▸ YOUR OBJECTIVE:
Pictures found in the material must be left out, and every line returned as written.

▸ RAW DATA:
== Segment start ==

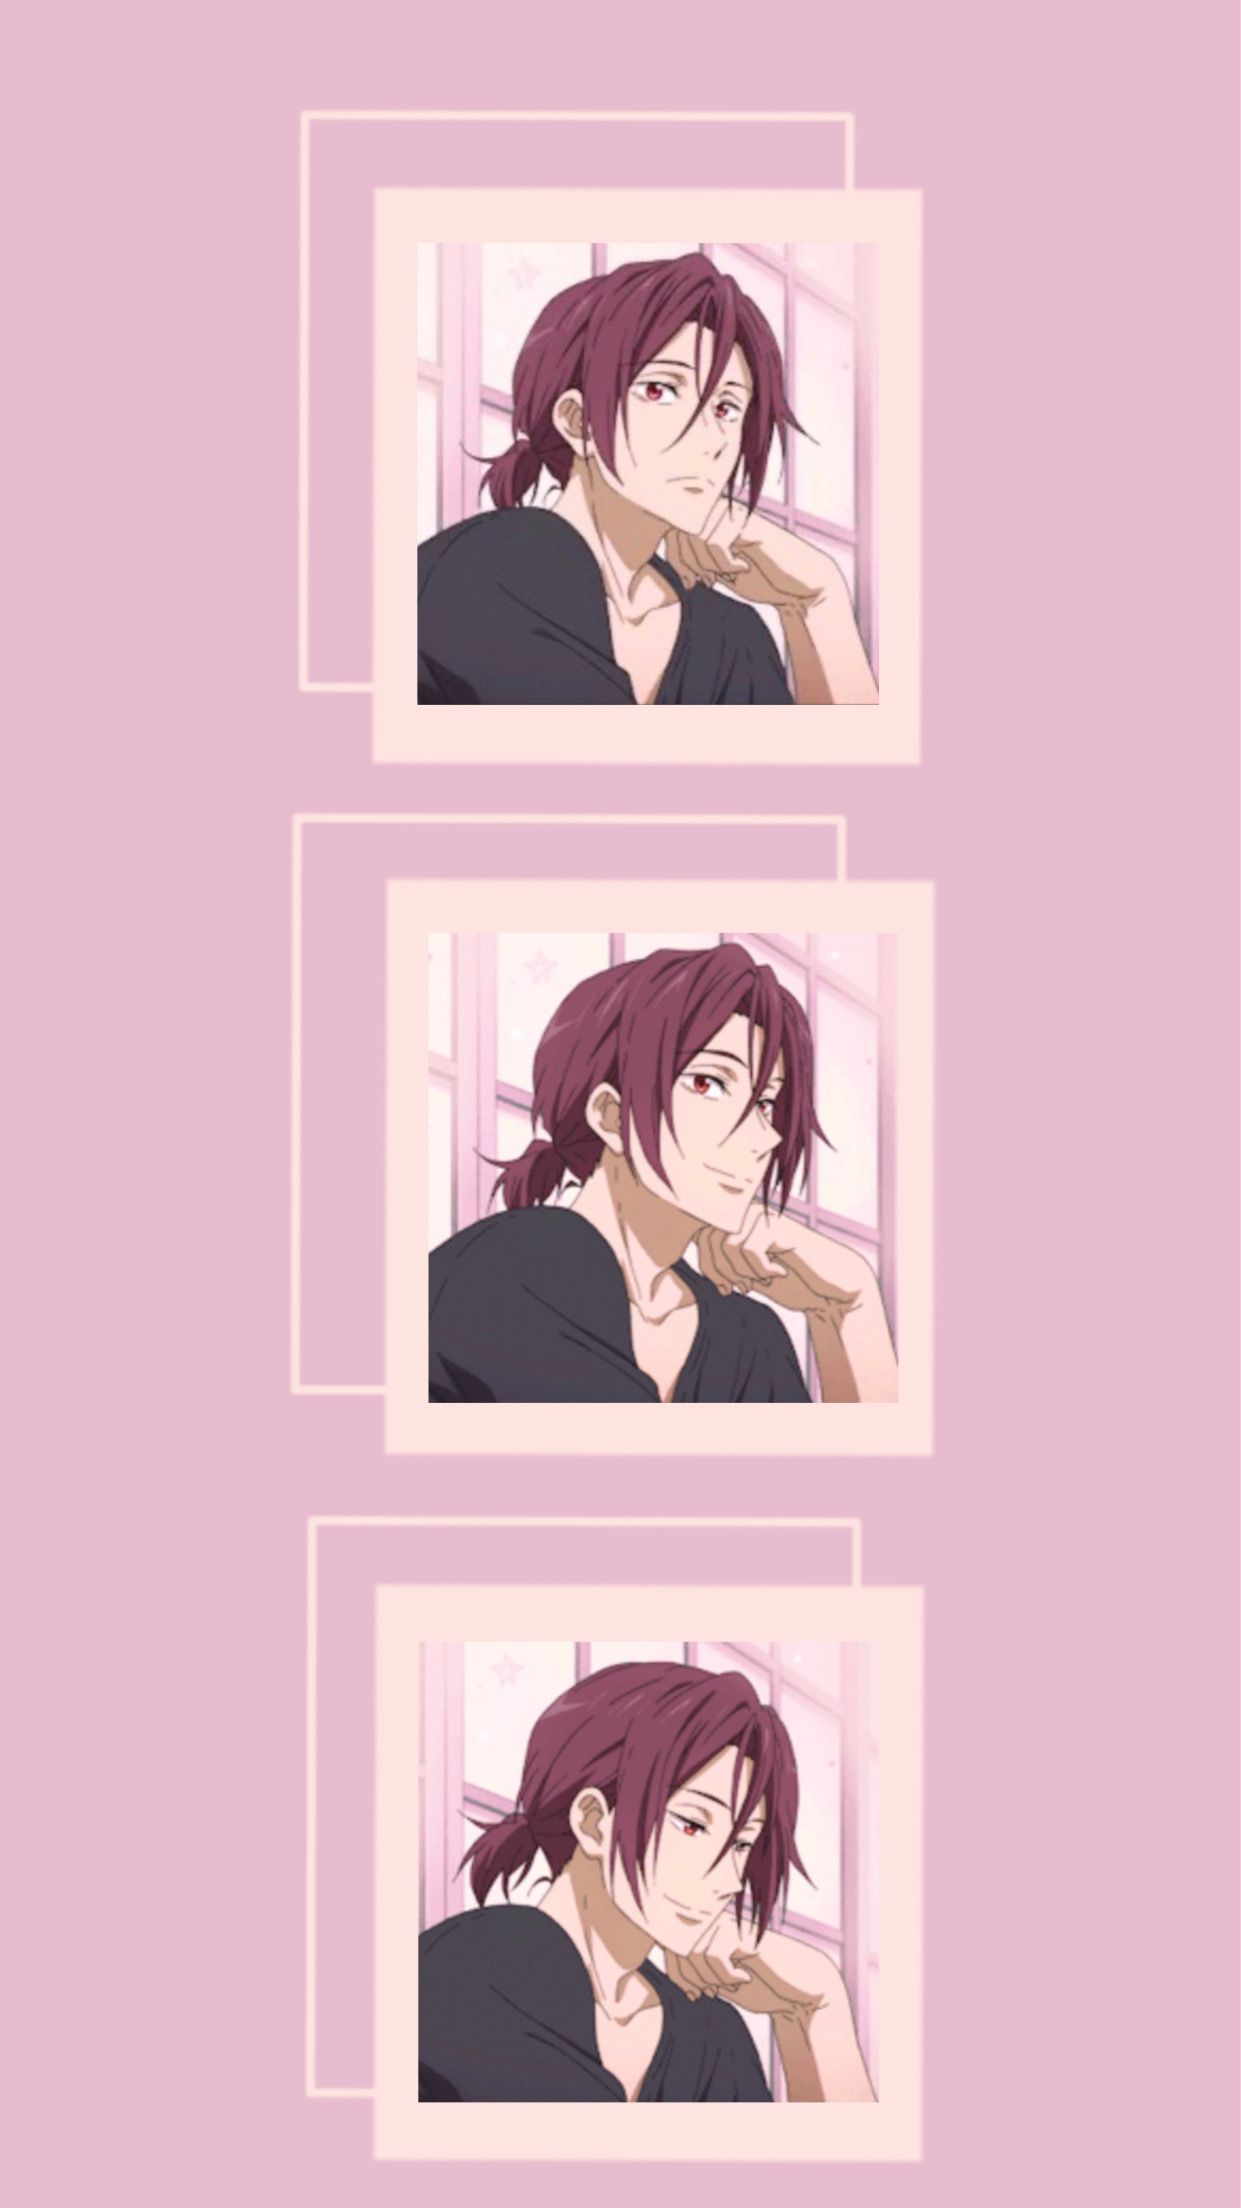 Free Rin Wallpaper Free Anime Anime Wallpaper Iphone Splash Free Anime wallpaper iphone free
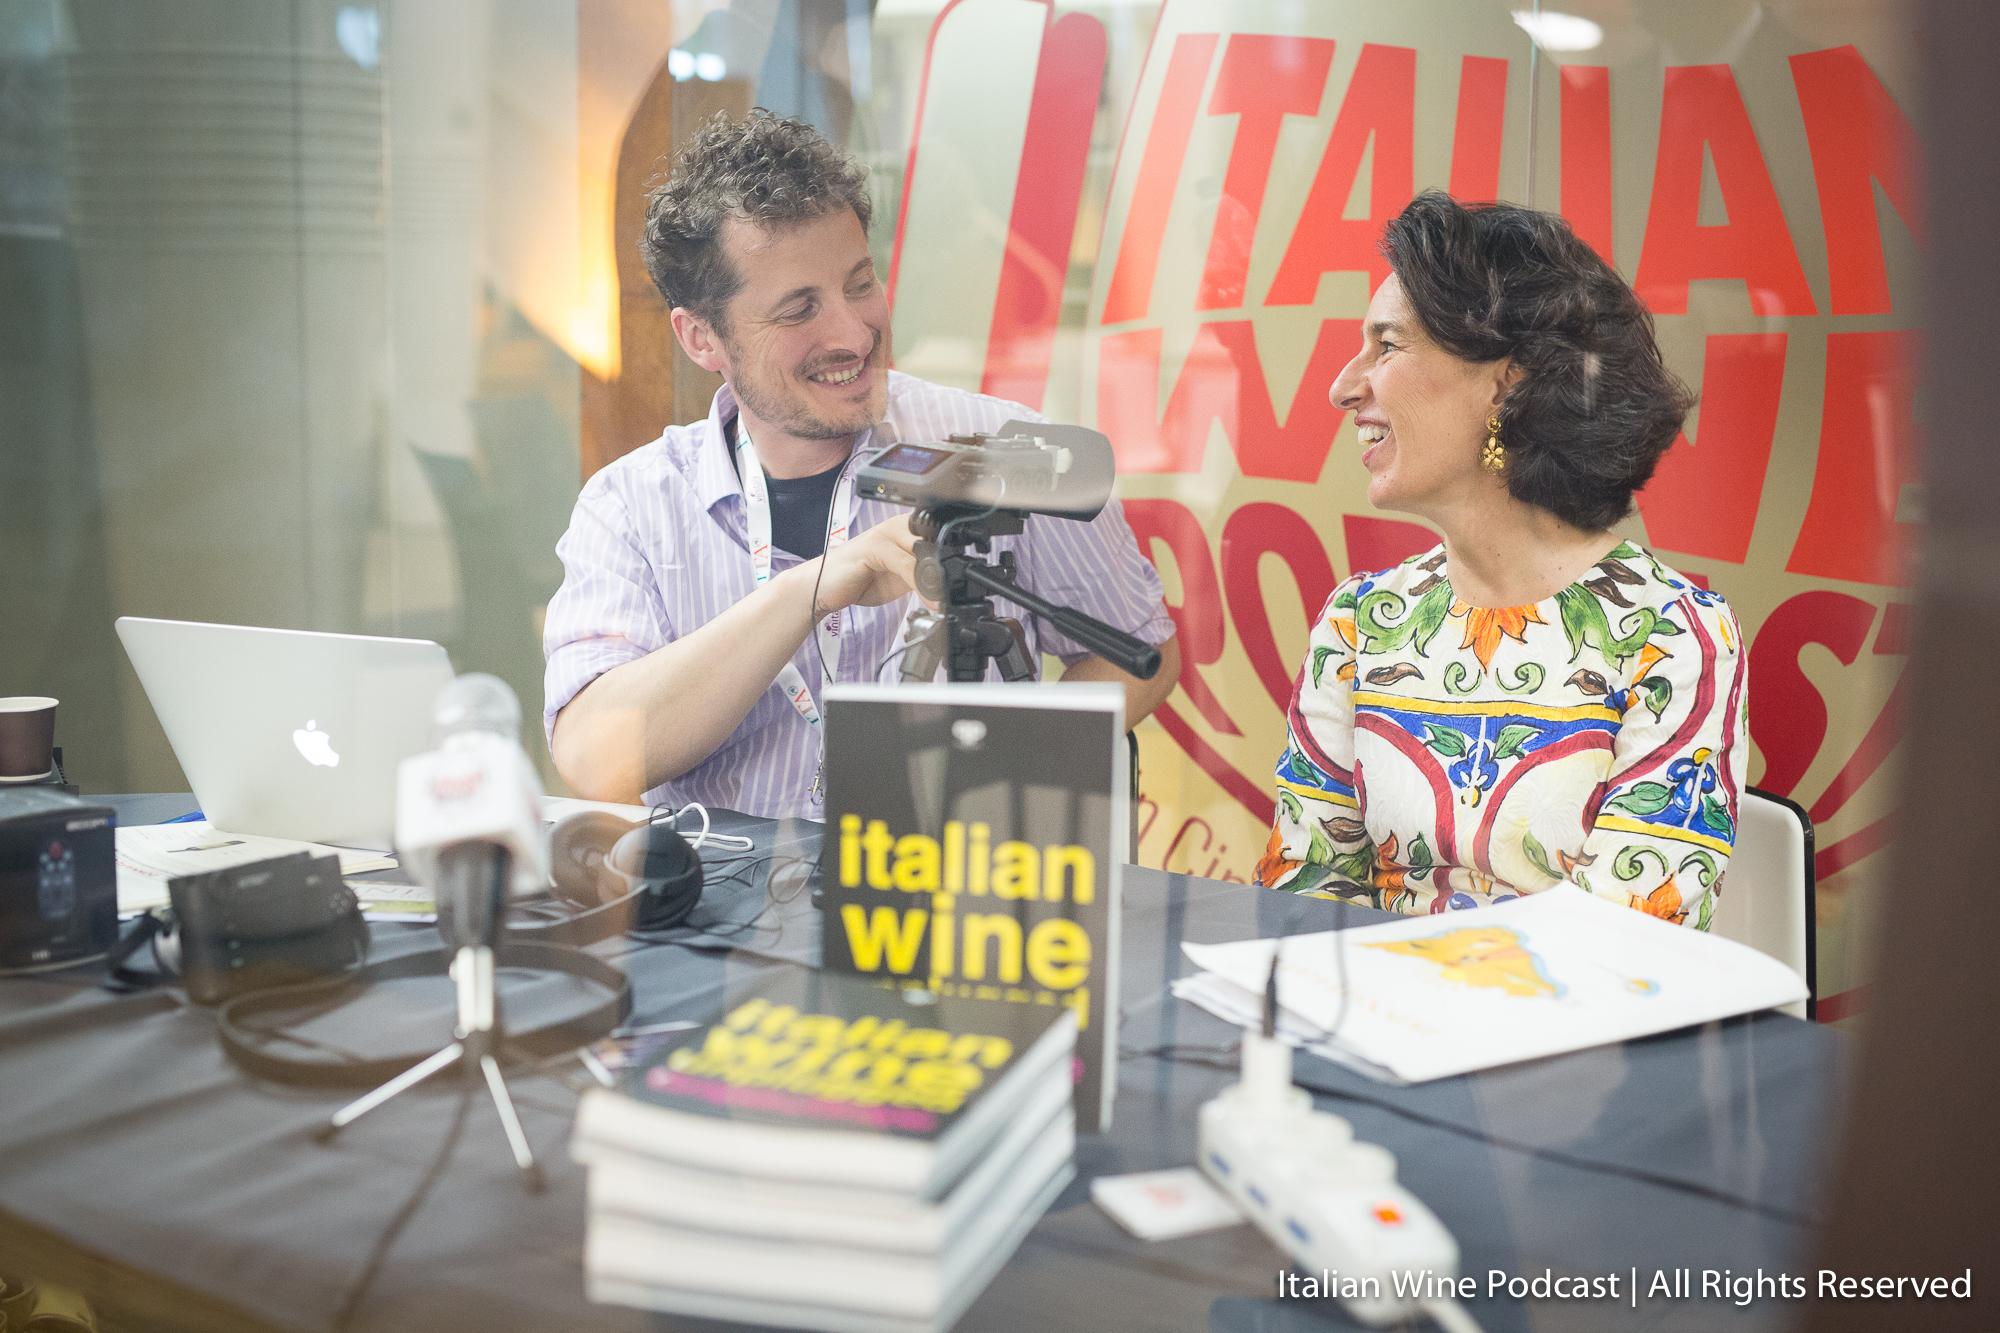 Monty Waldin (left) interviews José Rallo (right) whose family owns the Donnafugata winery in Sicily
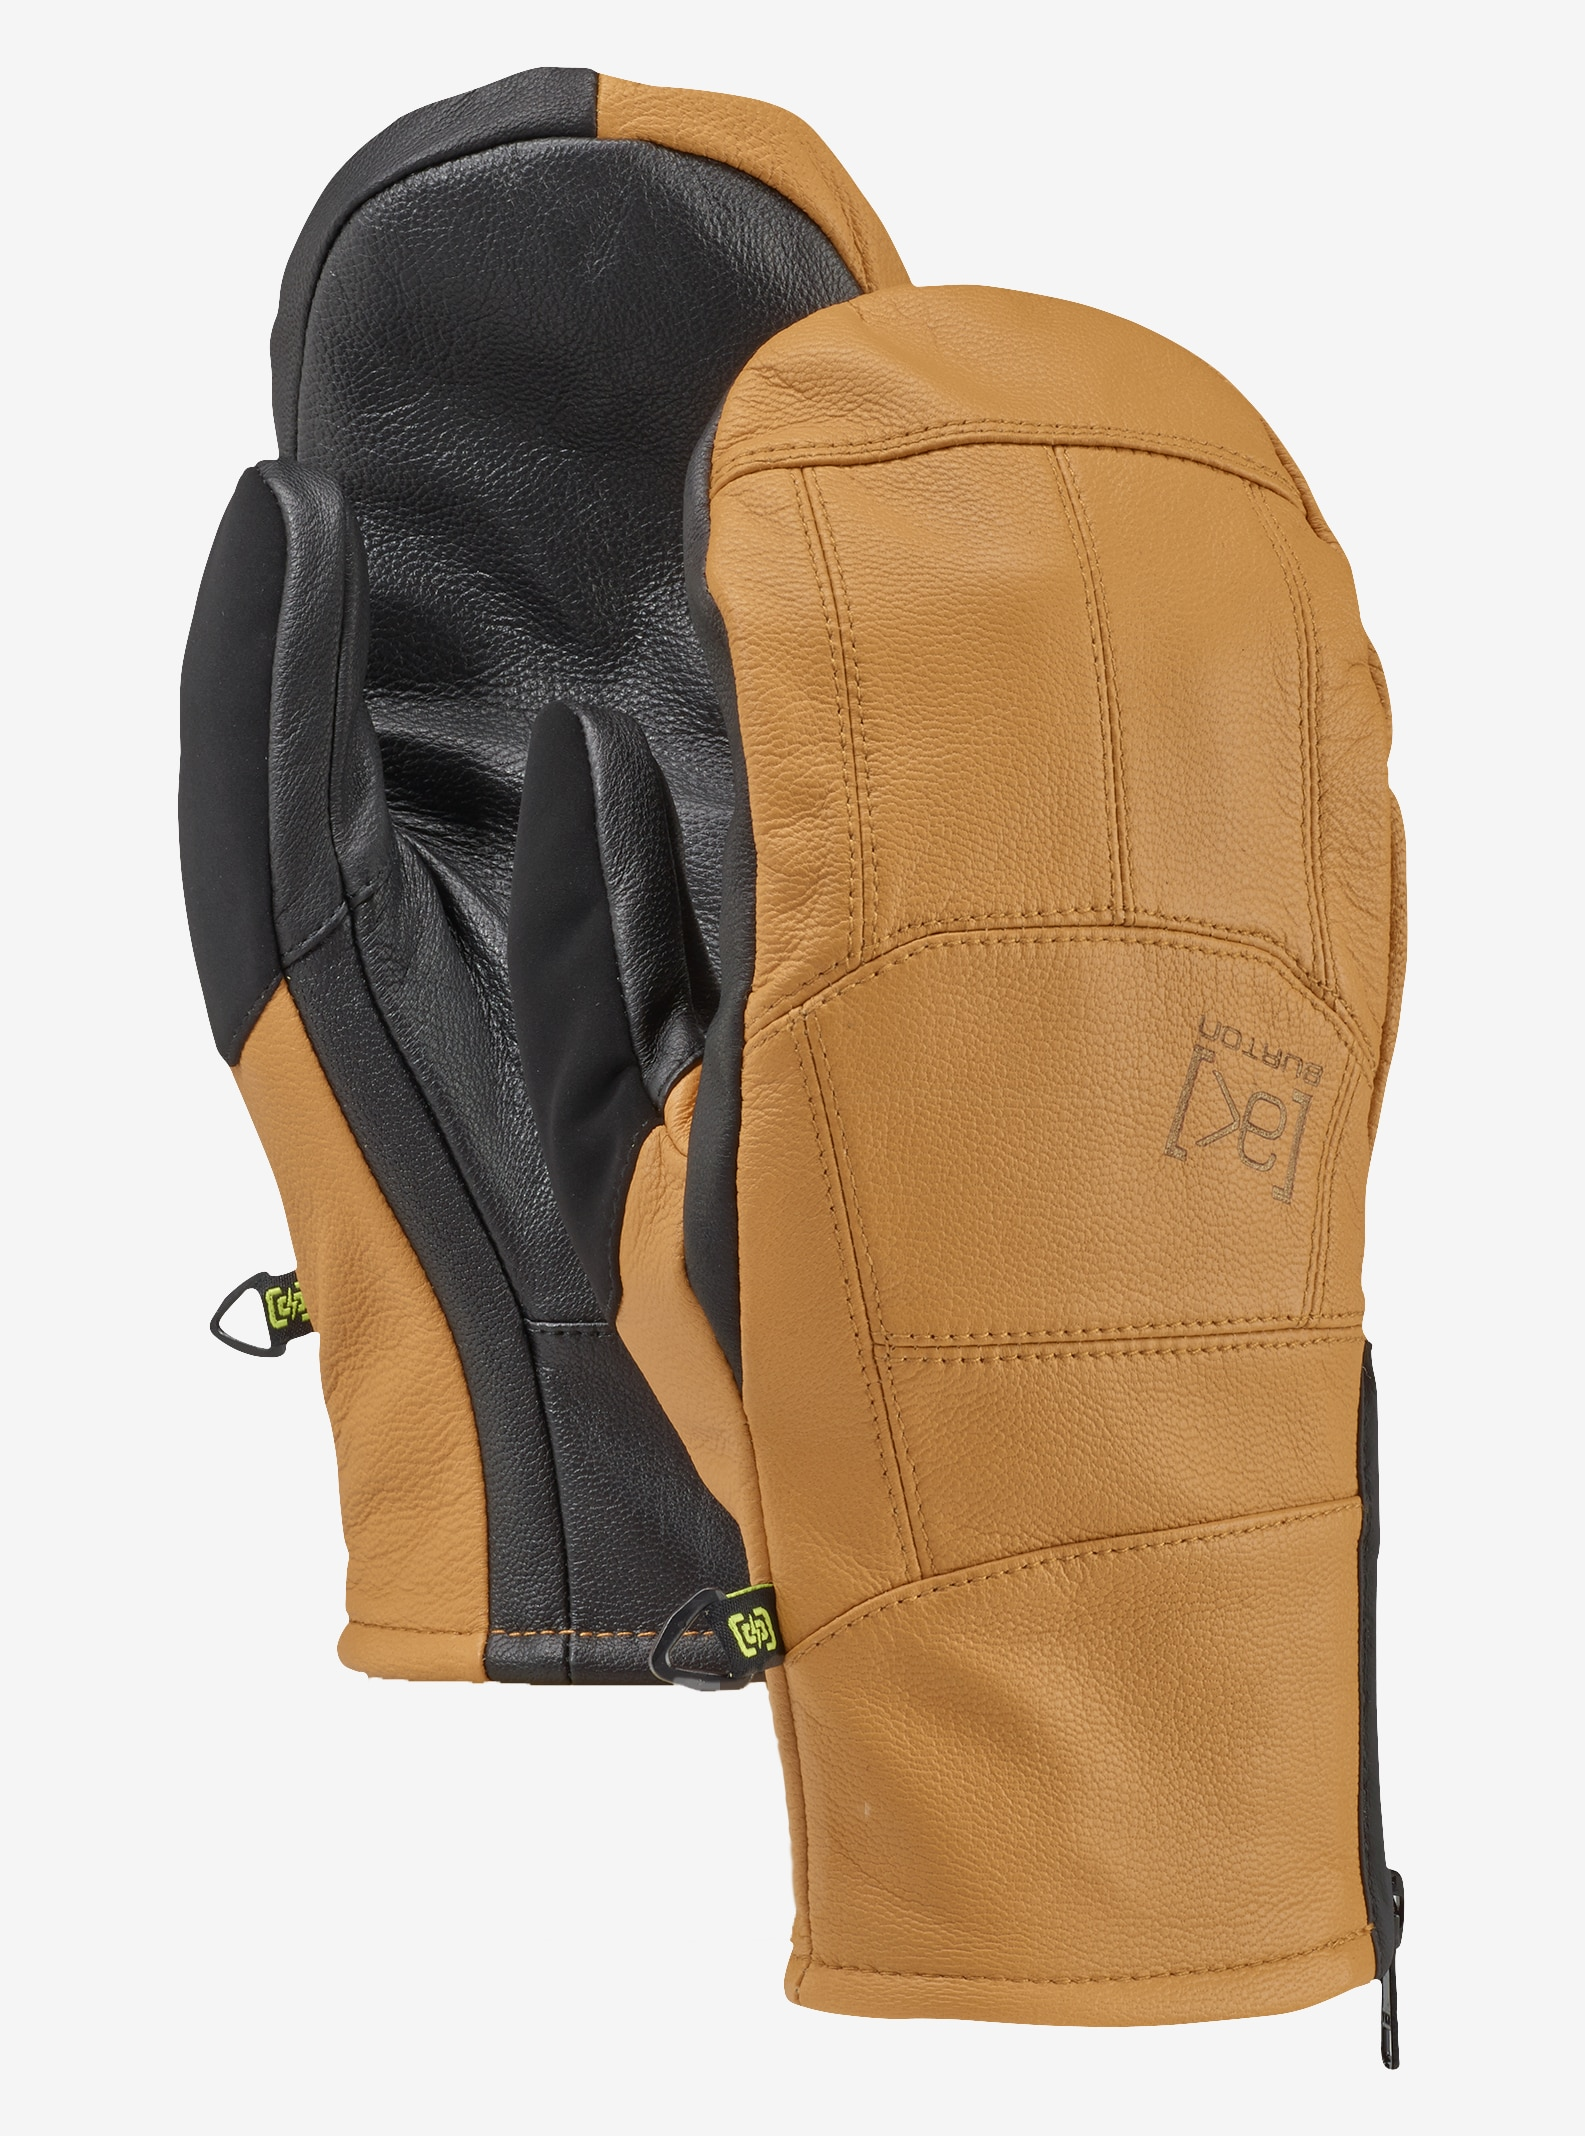 Burton [ak] Leather Tech Mitt shown in Raw Hide

== Segment end ==

▸ EXERCISE SOLUTION:
 Free Rin Wallpaper Free Anime Anime Wallpaper Iphone Splash Free Anime wallpaper iphone free
 Monty Waldin (left) interviews José Rallo (right) whose family owns the Donnafugata winery in Sicily
 Burton [ak] Leather Tech Mitt shown in Raw Hide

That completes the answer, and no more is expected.